▶ _Exercise brief_:
Write every line below out again exactly, images omitted.

▶ _Dataset excerpt_:
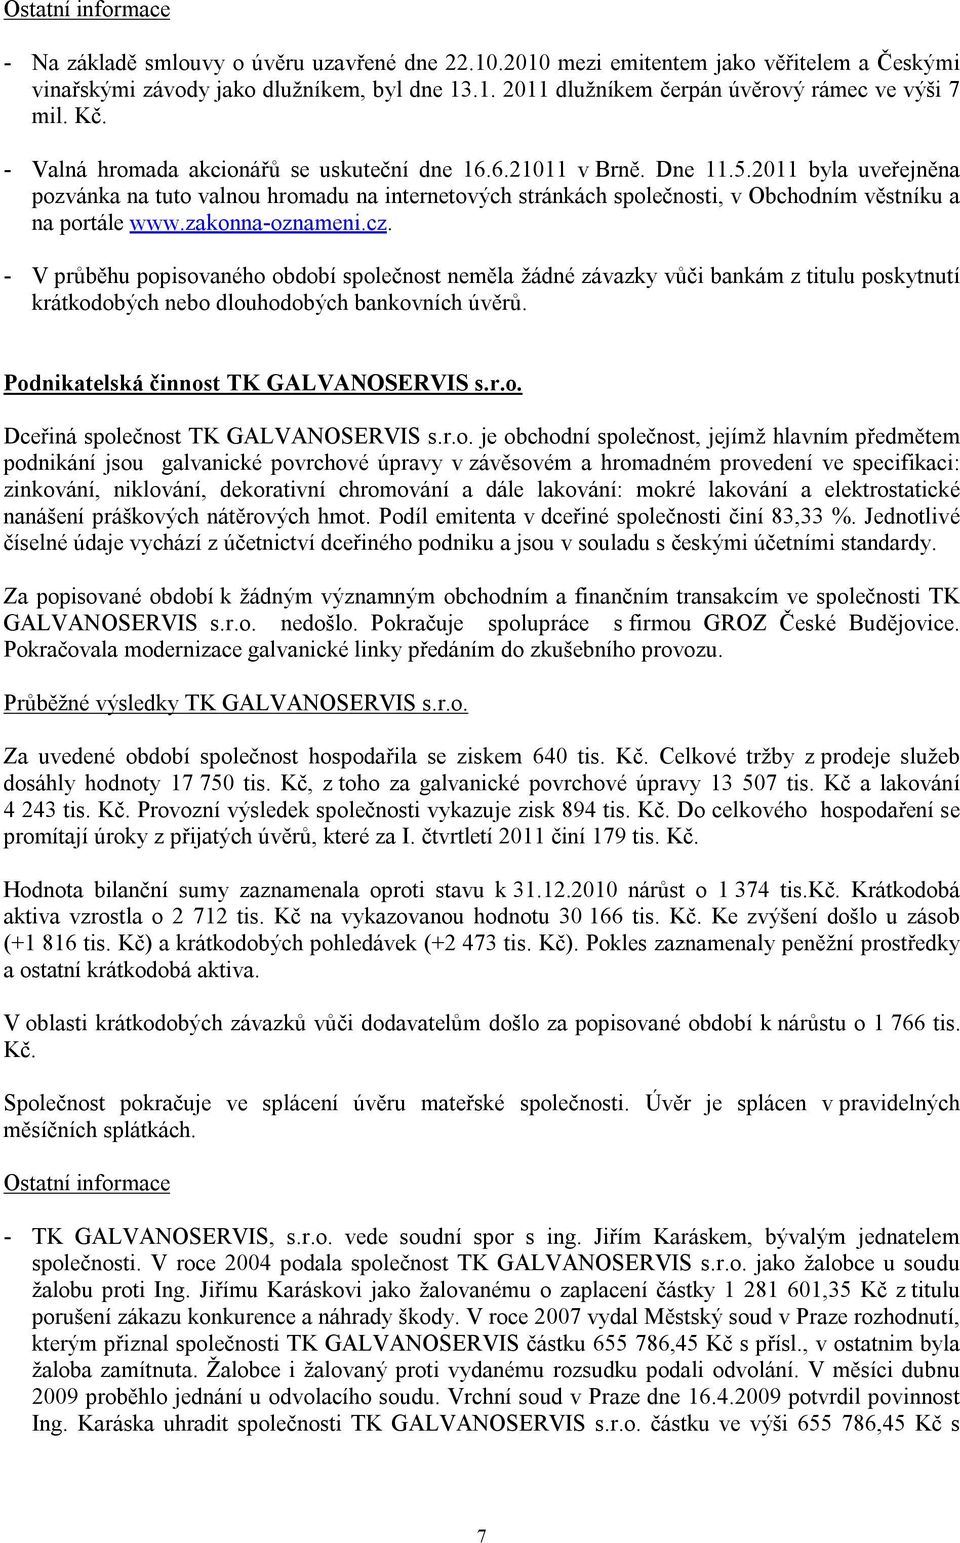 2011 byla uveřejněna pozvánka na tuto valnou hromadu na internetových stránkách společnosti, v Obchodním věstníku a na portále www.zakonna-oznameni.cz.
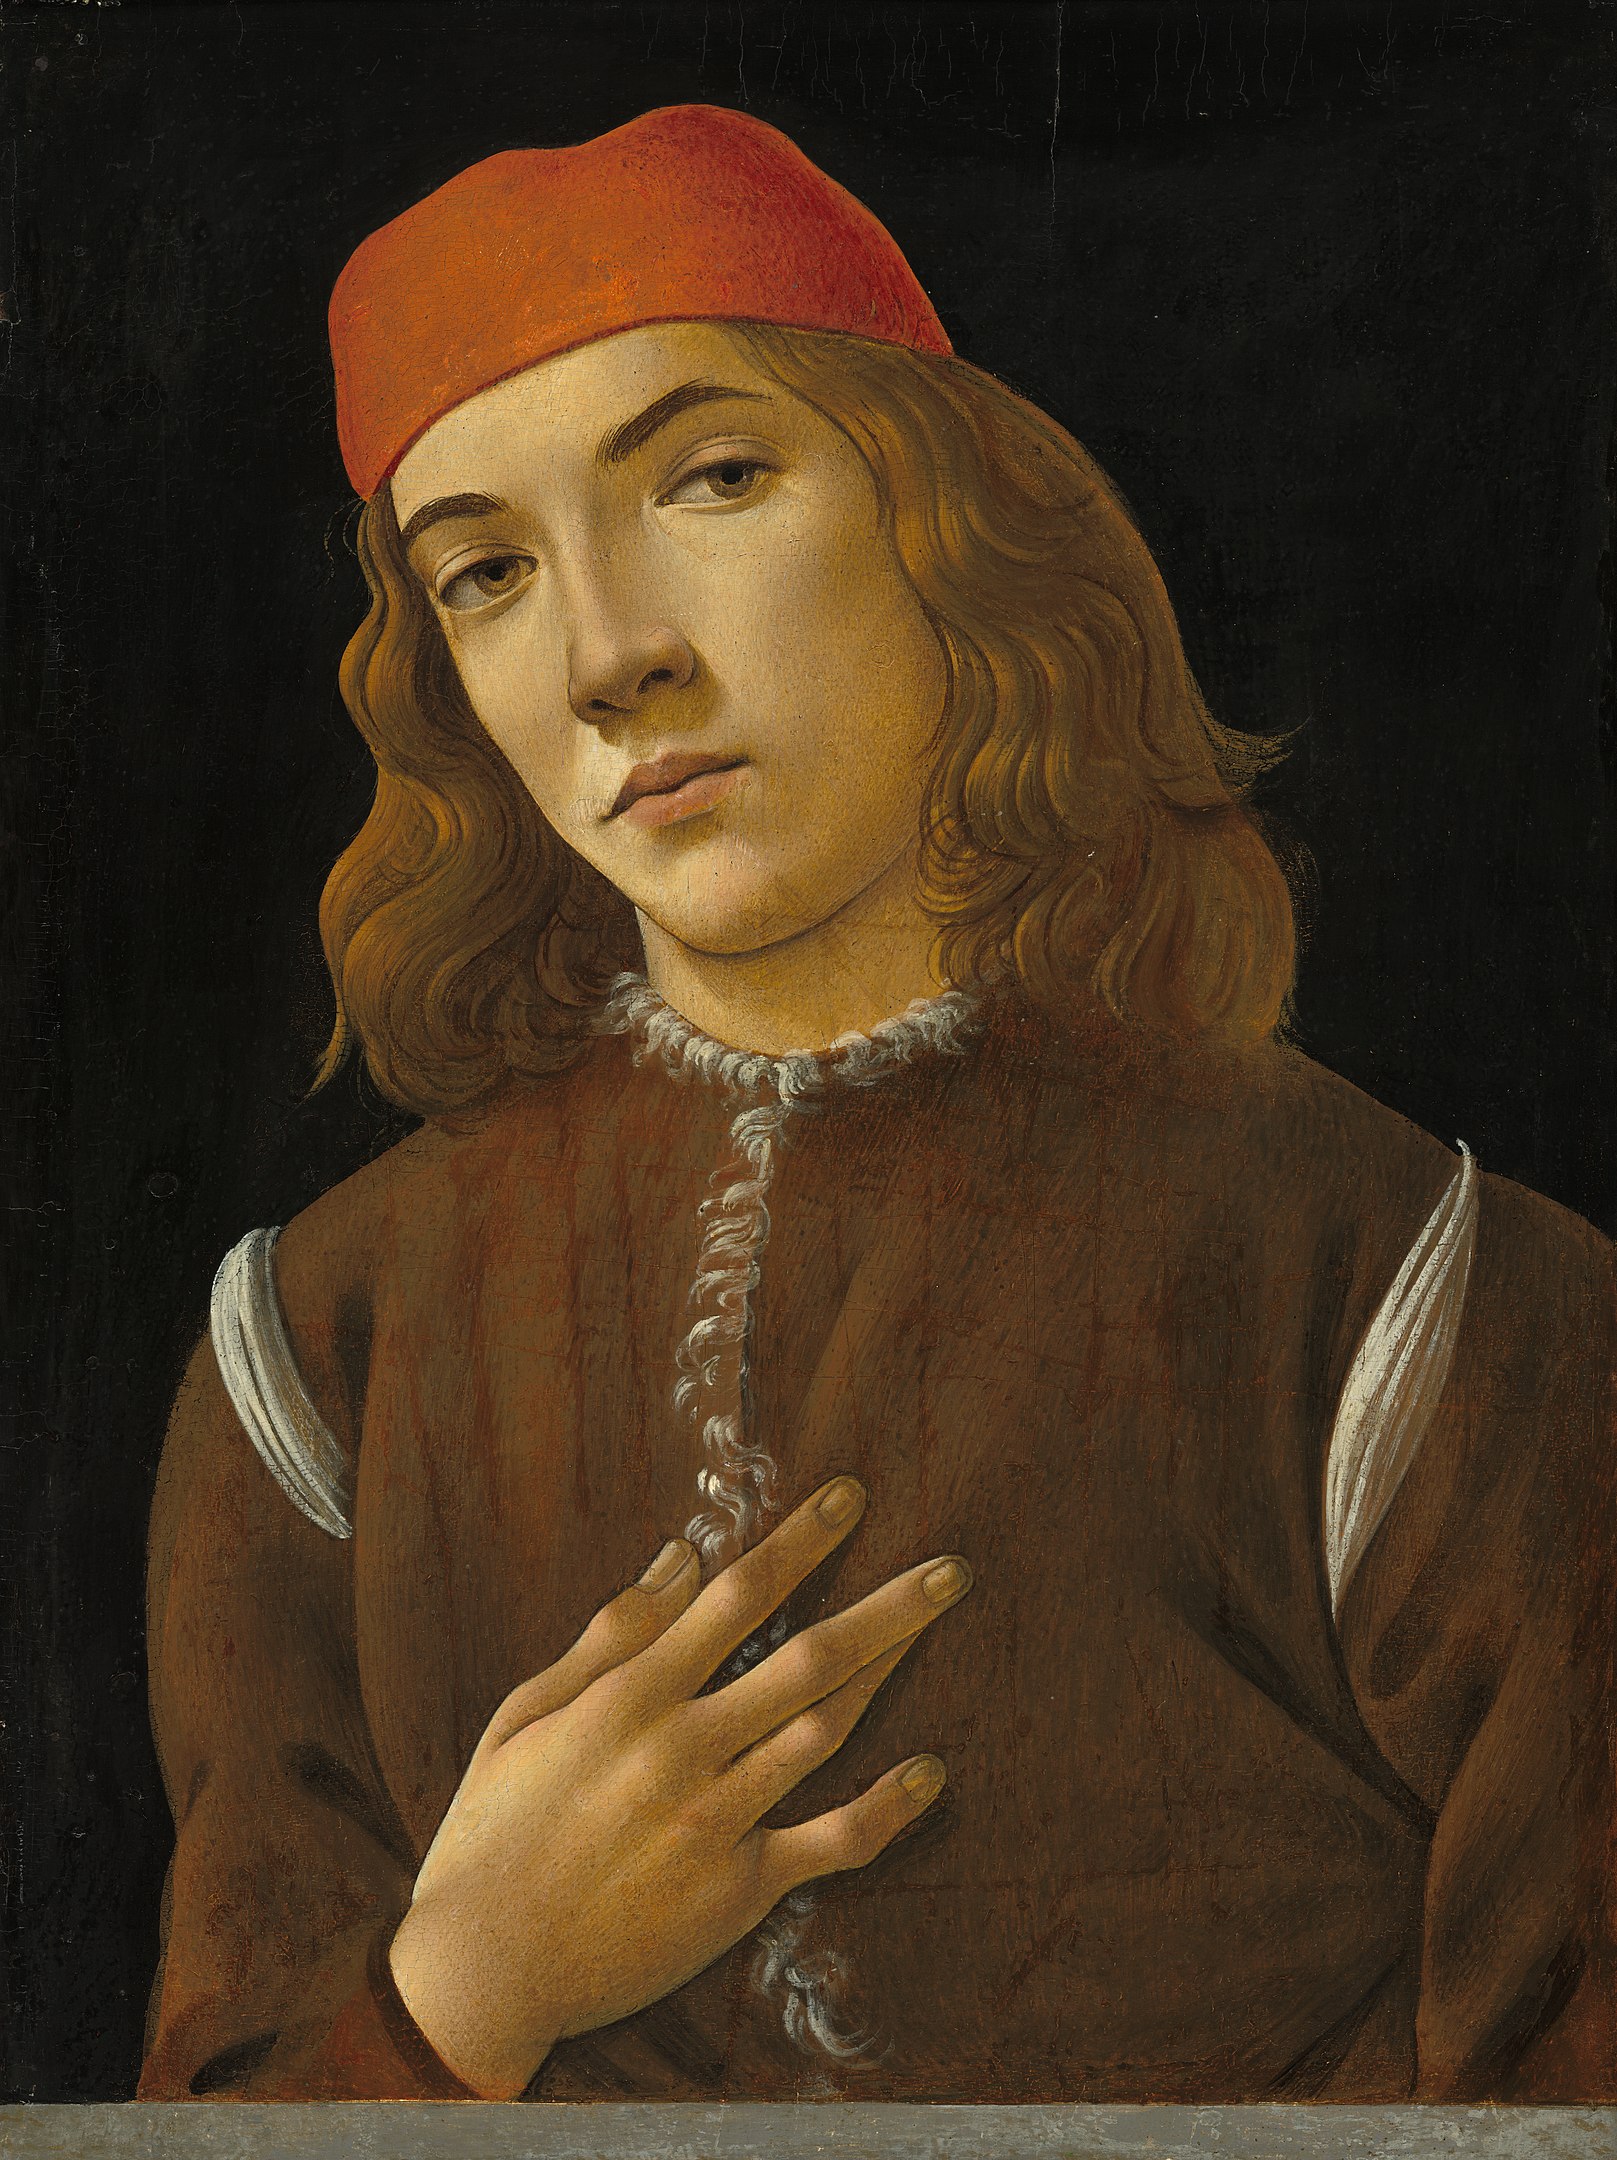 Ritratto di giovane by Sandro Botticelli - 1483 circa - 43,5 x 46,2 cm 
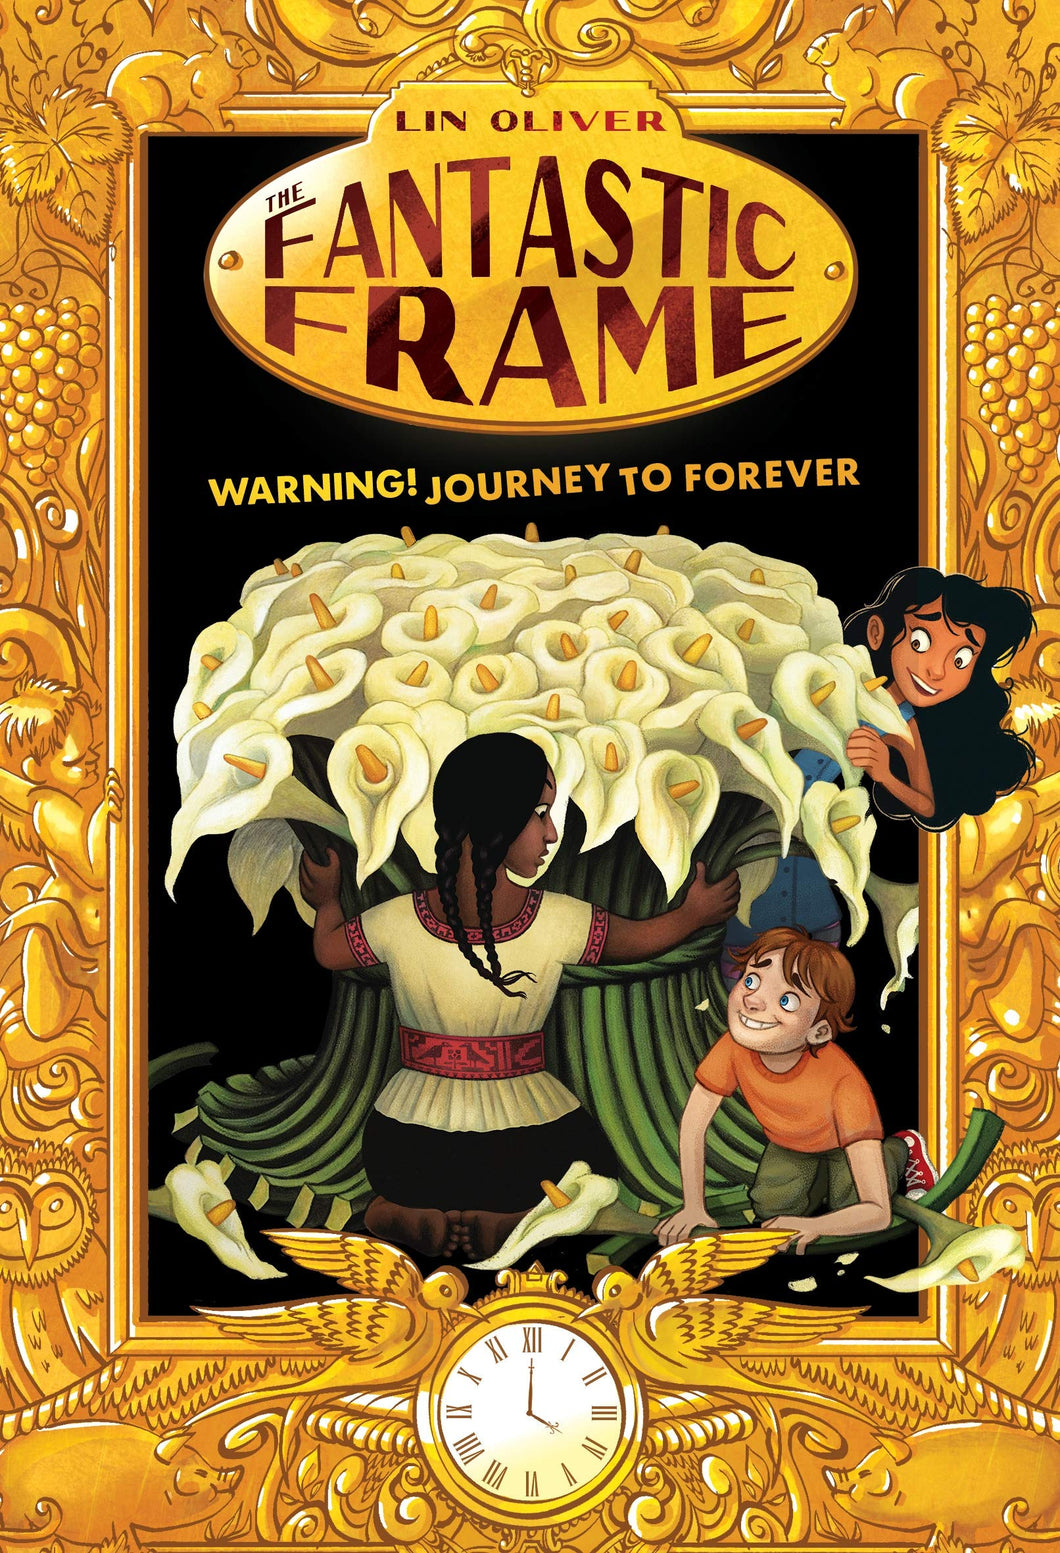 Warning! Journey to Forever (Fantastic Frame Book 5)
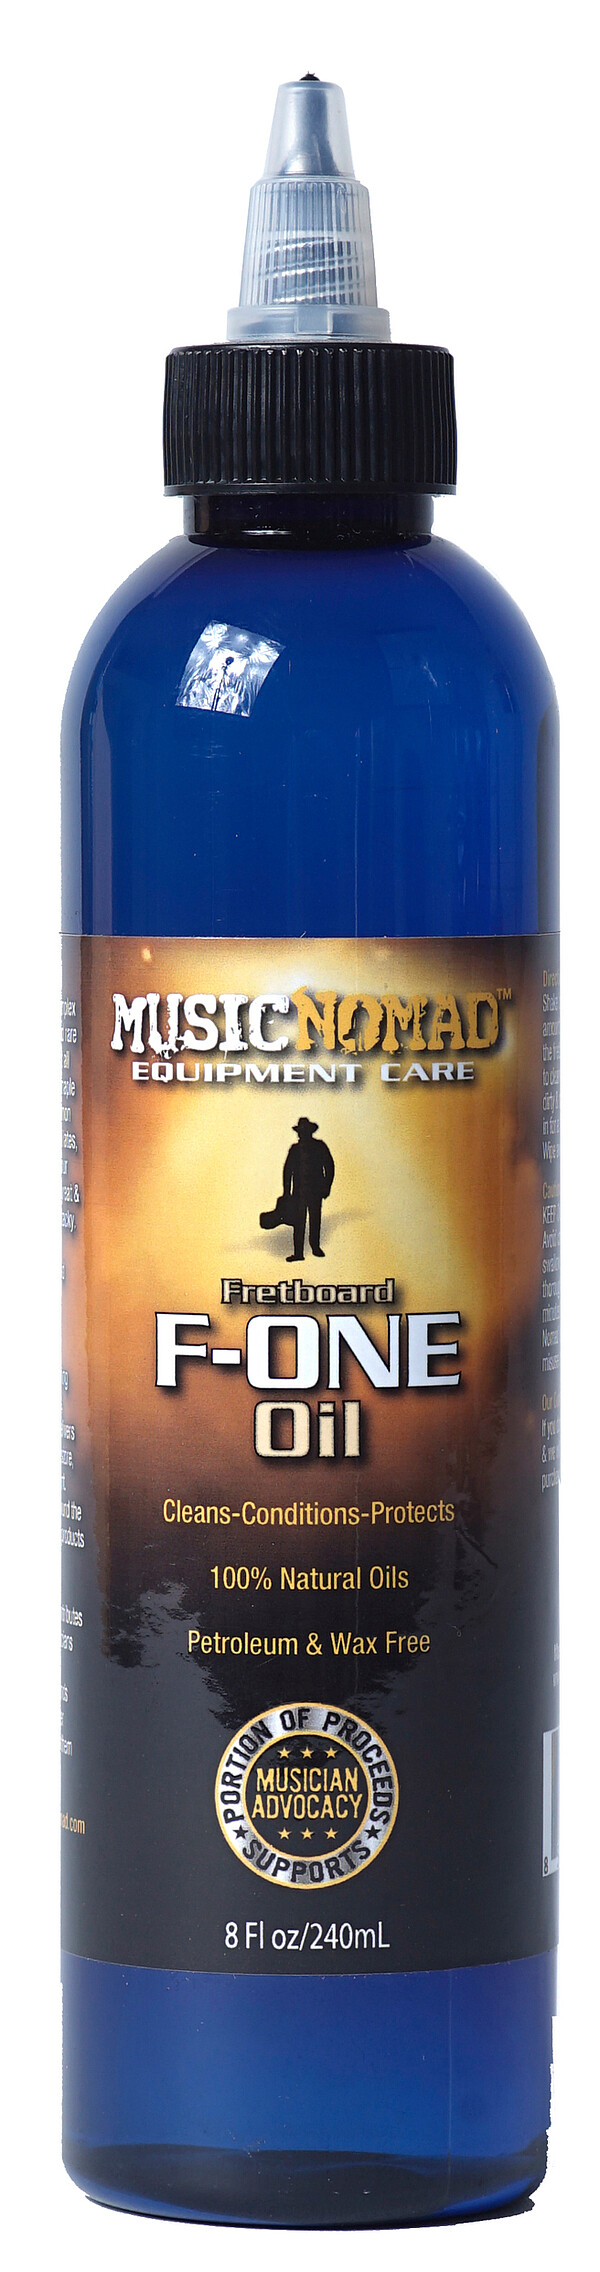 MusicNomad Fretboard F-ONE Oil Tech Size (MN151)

▶ _Answer to this exercise_:
 2011 byla uveřejněna pozvánka na tuto valnou hromadu na internetových stránkách společnosti, v Obchodním věstníku a na portále www.zakonna-oznameni.cz.
 Ritratto di giovane by Sandro Botticelli - 1483 circa - 43,5 x 46,2 cm 
 Warning! Journey to Forever (Fantastic Frame Book 5)
 MusicNomad Fretboard F-ONE Oil Tech Size (MN151)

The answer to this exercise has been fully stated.